I have a 2001 VW Beetle Turbo 1.8L which just died when driving on the freeway. Pulled over, placed the car in neutral and it starts right back up. I have replaced the crankshaft position sensor,4 ignition coil packs, spark plugs, fuel regulator, fuel filter, and fuel pump. The only thing that I can think of would be to replace the following: cam position sensor; diverter valve; and the MAF. Am I on the right path. 

Just to note: when slowing down to a stop sign the car also dies. Put the car in neutral, turn the ignition and the car starts right back up.

Thoughts.


----------



## Rockerchick (May 10, 2005)

Have you scanned the car for codes?


----------



## gt2437 (Jul 29, 2000)

Check for any vacuum leaks too.

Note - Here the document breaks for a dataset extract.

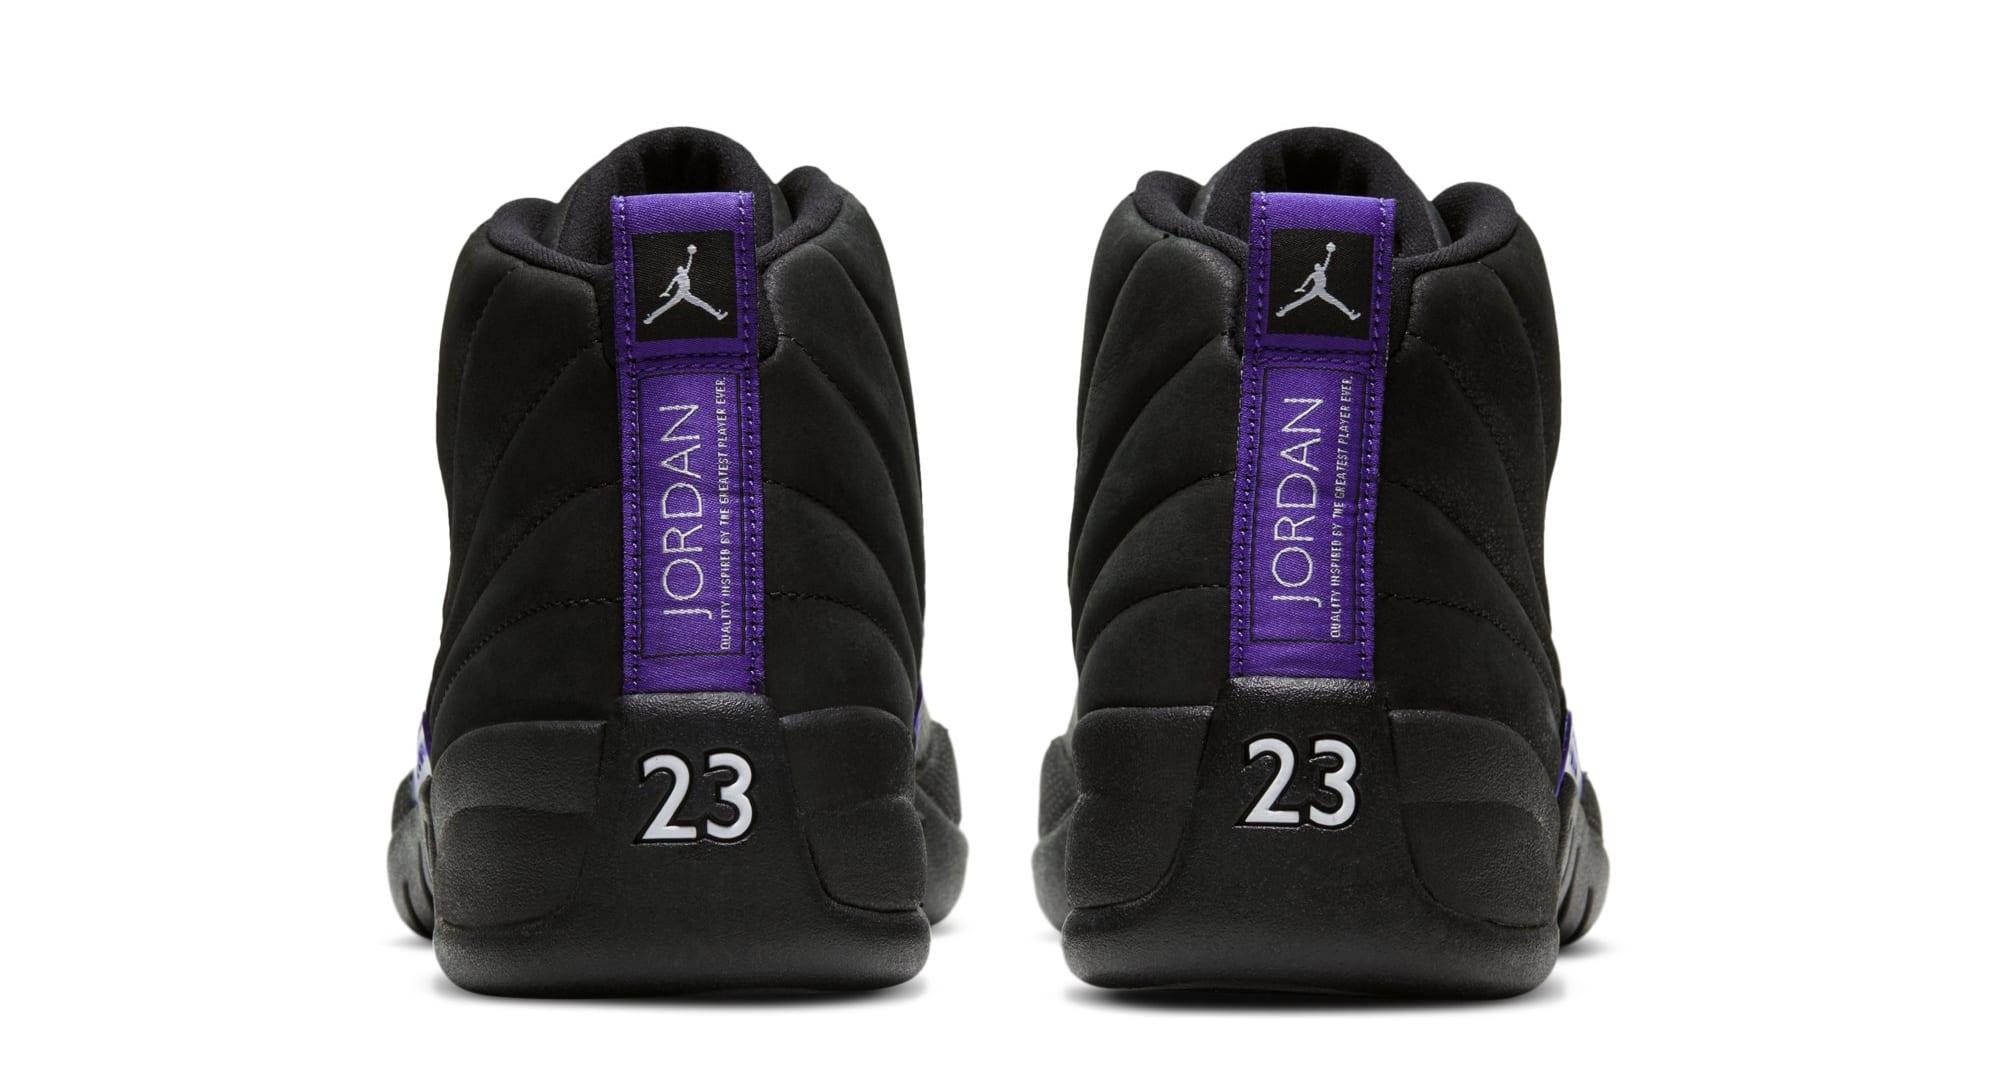 Air Jordan 12 Retro 'Black/Black/Dark Concord' CT8013-005 (Heel)

That engine has a ton of lines and leaks are common and will cause driveability issues.


----------



## Gerster (Dec 30, 2011)

Rockerchick said:


> Have you scanned the car for codes?


I have scanned for codes and I am getting a P17705 code. 
17705/P1297/004759 - Pressure Drop between Turbo and Throttle Valve

My sense is that I have a turbo boost leak or the diverter valve is not working. Not sure how to test for a turbo boost leak.


----------



## Rockerchick (May 10, 2005)

Here is some info on the code. I'd start by checking your hoses.


http://wiki.ross-tech.com/wiki/index.php/17705/P1297/004759
17705/P1297/004759 - Pressure Drop between Turbo and Throttle Valve (check D.V.!)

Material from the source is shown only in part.